Rasa beras yang enak ternyata belum tentu bergizi tinggi. Pulen atau pera?
Menurut Dr. Yadi Haryadi, beras pulen umumnya dihasilkan dari padi yang umur
tanamnya lebih lama dibanding padi penghasil beras pera. Padi penghasil
beras pulen seperti beras Cianjur, biasanya dipanen dengan cara
dipotong tangkai atau malainya sehingga diperoleh padi gedeng. Beras pulen contohnya seperti beras Cianjur, Rojo Lele, Bare Solok, dan
sebagainya. Beras ini, kata Yadi, jika ditanak akan menghasilkan nasi
yang butirannya saling menempel sehingga dapat dikepal. Ini terjadi
karena kandungan amilosa-nya rendah, sementara kandungan
amilopektinnya lebih tinggi dibanding beras pera.
Sedangkan padi pera atau biasa juga disebut padi cere, dipanen dengan
cara diarit batangnya kemudian langsung digabahkan. ”Ciri lainnya,
beras pera kalau ditanak butiran nasinya tidak lengket satu sama lain.
Hal ini karena kandungan amilosanya tinggi,” imbuh pria kelahiran
Cinjur, Jawa barat ini.
Yadi menambahkan, berdasarkan kandungan amilosanya, beras dibagi ke
dalam empat golongan. Yaitu beras ketan yang sangat pulen (kadar amilosa
sekitar 1-2 persen), beras pulen (kadar amilosa 7-20 persen), beras
sedang (kadar amilosa 20-25 persen) dan beras pera (kadar amilosa lebih
dari 25 persen). Menurut dia, masyarakat Indonesia tampaknya lebih
memilih beras yang mengarah ke pulen. Hal yang sama juga disukai
masyarakat Jepang dan Cina. Sebaliknya, orang India justru lebih memilih
beras pera.
Enak belum tentu bergizi
Lalu bagaimana sebenarnya beras yang berkualitas itu? Menurut Yadi,
berbicara mutu beras, tidaklah mudah, karena ada berbagai aspek mutu.

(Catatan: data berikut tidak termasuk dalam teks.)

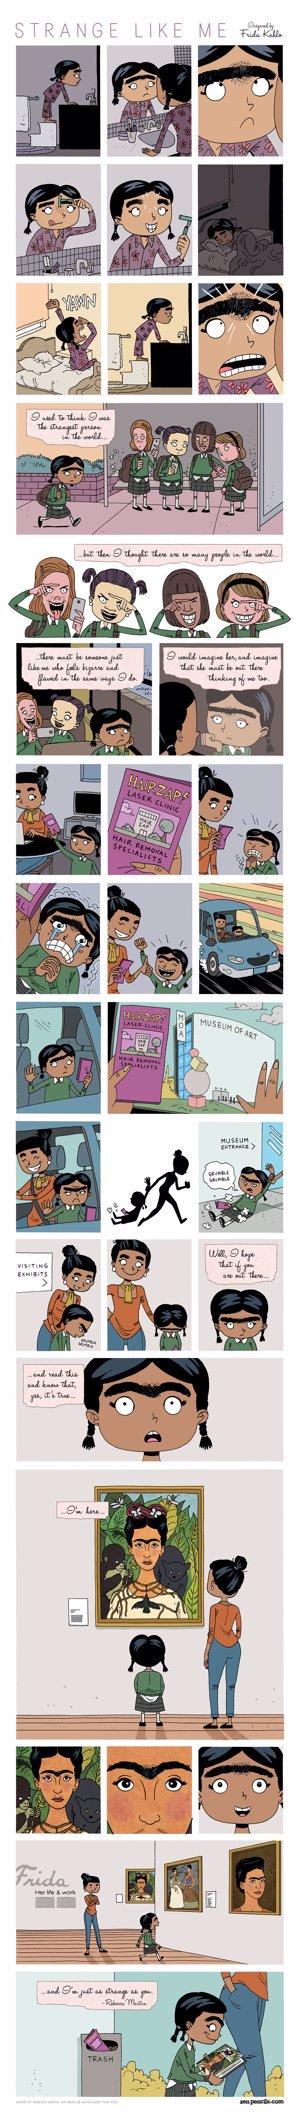 Comic Frida Kahlo
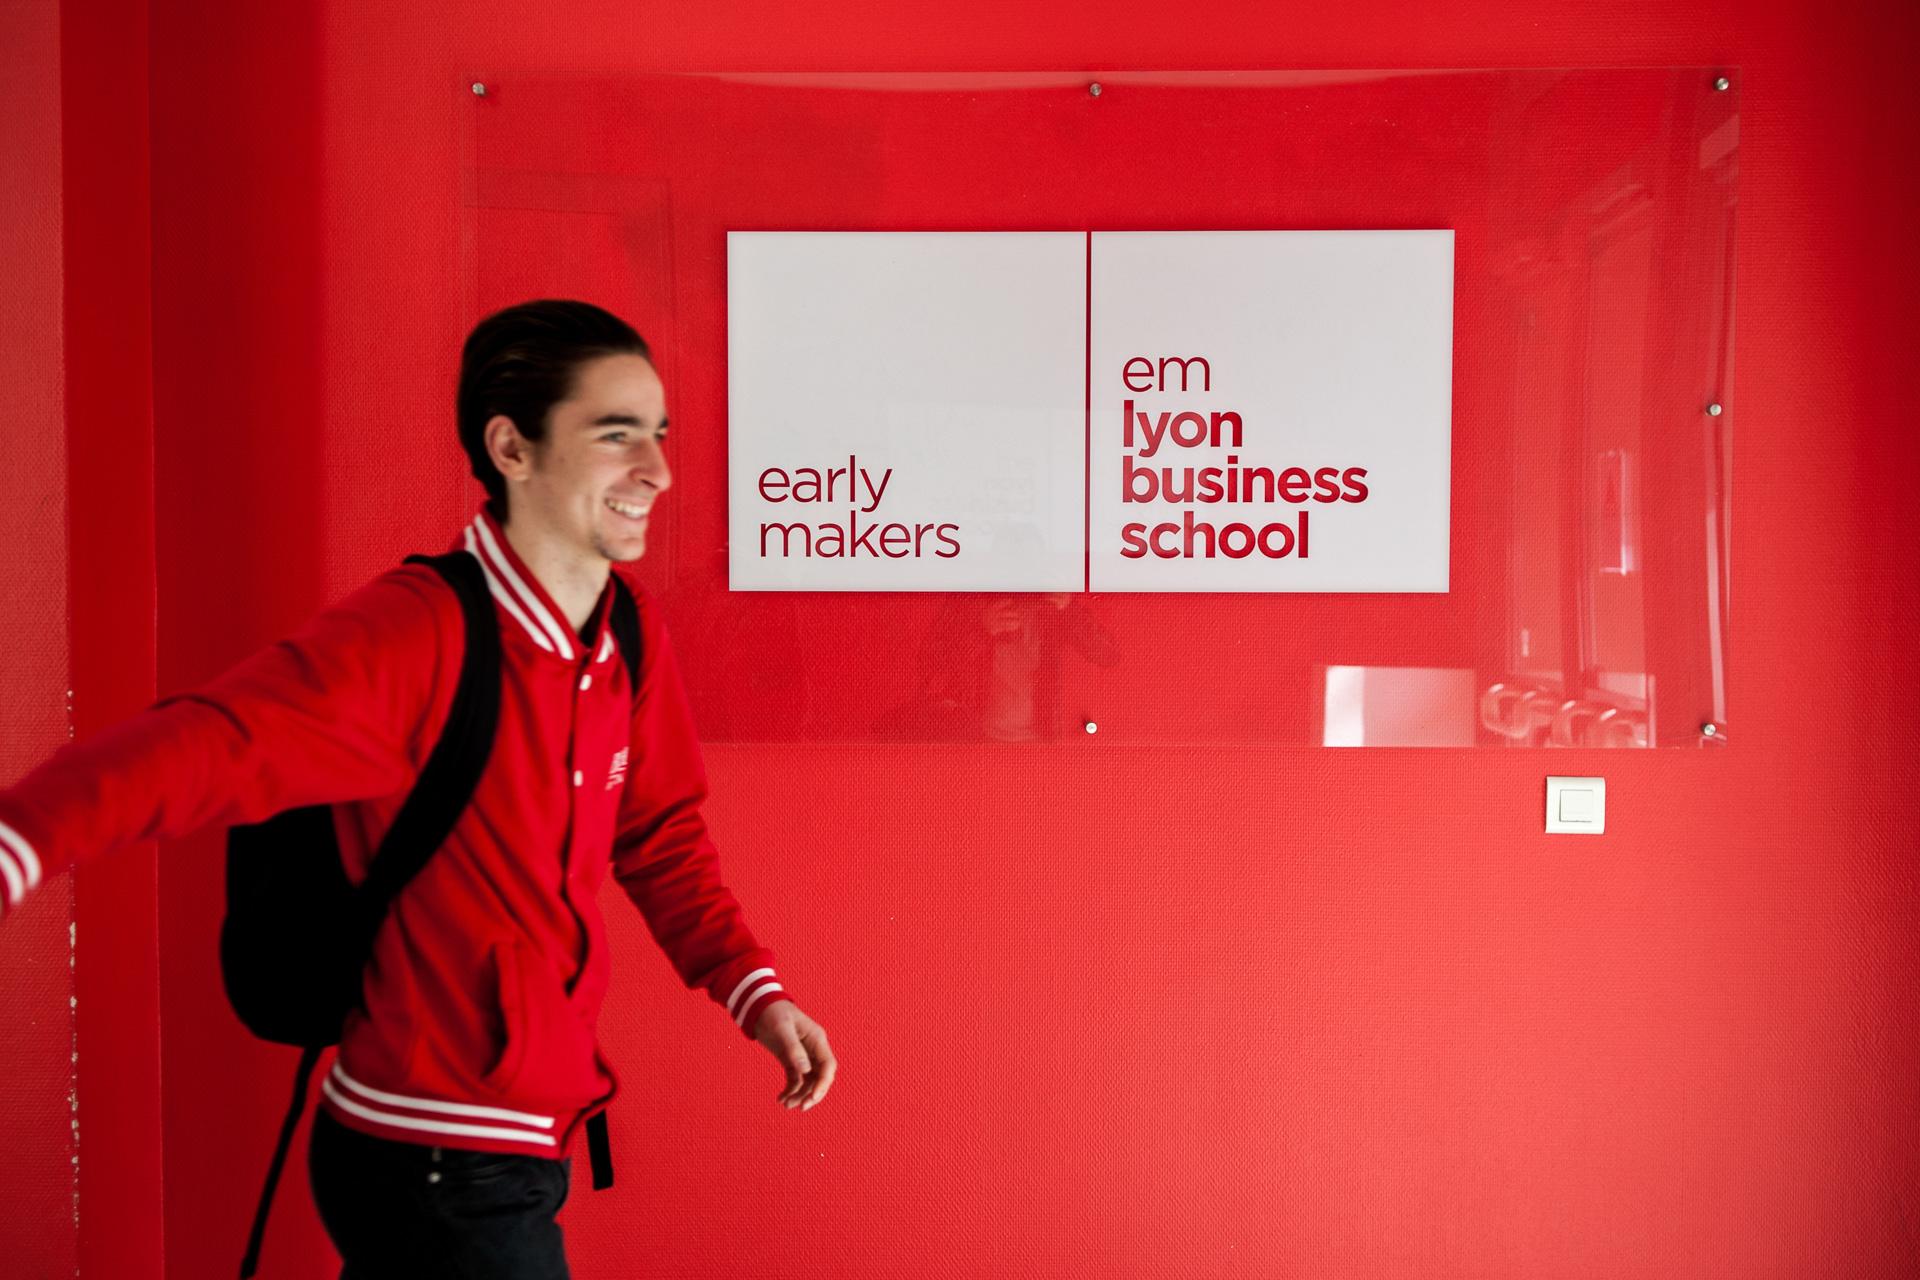 EM BUSINESS SCHOOL / ROMAIN ETIENNE

”Ada mutu komersial, cooking quality, eating quality, dan mutu gizi.”
Mutu komersial, kata dia, lebih mementingkan keadaan fisik butir beras
seperti persen beras kepala, persen beras patah, derajat sosoh, persen
beras berkapur, persen beras kuning, persen benda asing. Yadi
menambahkan, beras dapat dikategorikan bermutu tinggi bila tidak berbau
apek, tidak berserangga, tidak kotor, dan kadar airnya sekitar 14
persen.
Kualitas beras juga ditentukan lamanya masa penyimpanan. Ia
mengungkapkan, semakin lama beras disimpan, apalagi dalam kondisi
penyimpanan yang tidak memenuhi syarat, maka mutunya akan turun. Beras
yang lama disimpan kadar airnya akan meningkat dan menghasilkan bau apek
karena serangan kapang.
Mutu beras juga akan sangat ditentukan cooking quality. Kriteria ini
antara lain penyerapan air, pengembangan volume, resistensi terhadap
disintegrasi, dan perpanjangan butir nasi.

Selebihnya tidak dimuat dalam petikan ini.